Open Bacchushlg opened 3 years ago
For the 16th rests, a few additional samples and a retraining will fix that. I'll take care of this later.
Now, let's focus on this question of chord diagrams. I have just defined a new shape (CHORD_DIAGRAM), together with a new ChordDiagramInter, manually assigned this shape to a few relevant glyphs taken out of Leningrad.pdf example, and trained the classifier from scratch.
[By the way, if we go further on this topic, I will need additional images with chord diagrams in it, in order to increase the variety of diagram samples, and thus reach more stable recognition for this shape]
For the time being, I re-ran the processing of Leningrad case. And here are the raw results on sheet 2 (the first sheet with chord diagrams):
At end of TEXTS step: Notice that OCR has partly recognized horizontal lines and dots out of the diagrams as lines of text. For example , in the left most diagram, under the "D" chord name, it has "detected" this word:
WordInter@26594aed System#1 WordInter{#821(0.755/0.755) stf:1 TEXT "____________..."} g#724 codes[5f,5f,5f,5f,5f,5f,5f,5f,5f,5f,5f,5f,2e,2e,2e] S-52 rel: Containment<-SentenceInter{#820(0.773/0.773) stf:1 S-12 Direction}
The underlying glyph appears in red:
At this point in time, we can let the engine go, it will try to recognize diagrams where the pixels of text underlying glyphs have been removed: The classifier may or may not recognize this glyph as a diagram. In this case it did. But now we have both the "text" and the diagram one upon the other, and they both survive.
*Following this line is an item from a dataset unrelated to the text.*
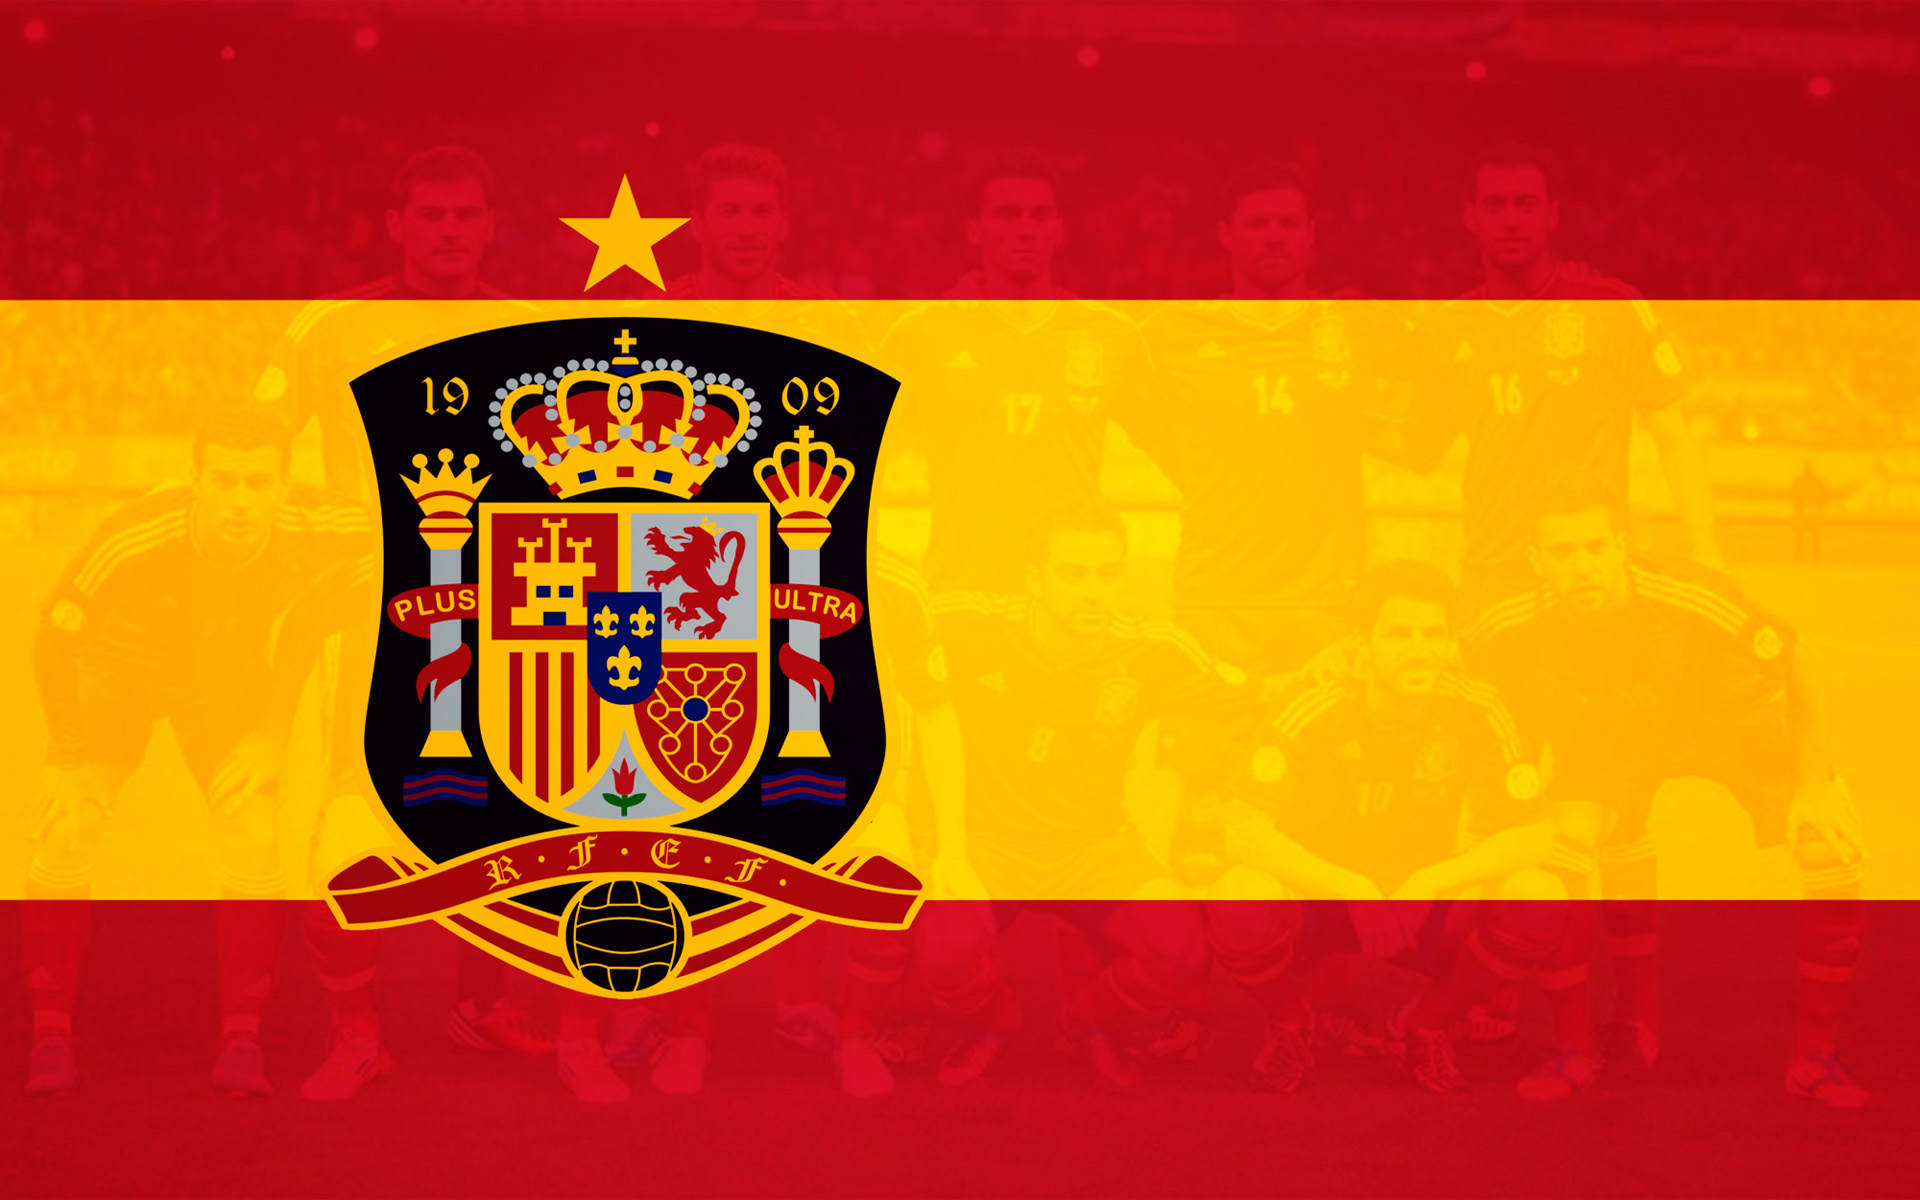 Spain Soccer Team Wallpapers  Wallpaper Cave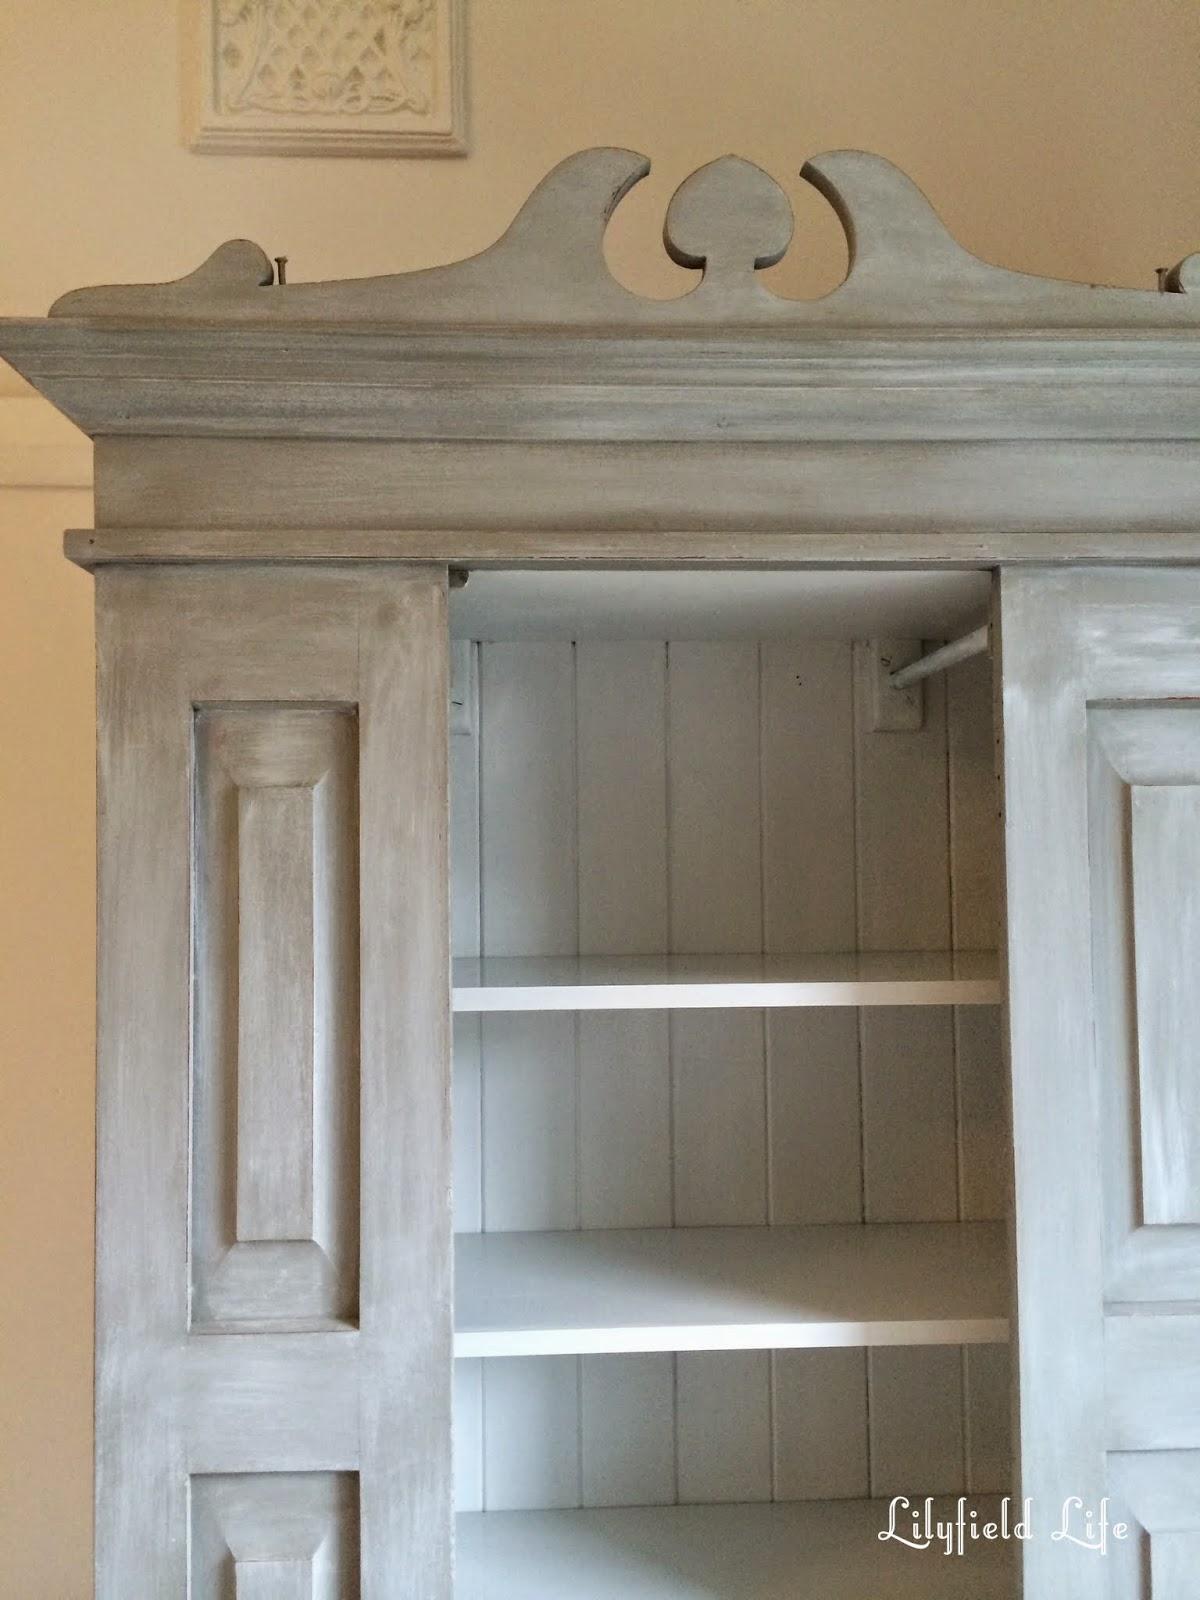 Restoration Hardware Knock Off: Lilyfield Life: Restoration Hardware Look Cupboard

We can also decide, at the end of the TEXTS step, to manually clear up these false text lines. Then, we launch the engine on the following steps. This gives:
Compared with the situation before such support of diagrams, is this new situation really interesting for the end-user? Please give me your feed-back.
Obviously, we would get better results on these diagrams if the SYMBOLS step was run before the TEXTS step. But this is not something I'm ready to do, because the pixels of all the lines of real text (such as lyrics) would get in the way of symbol recognition.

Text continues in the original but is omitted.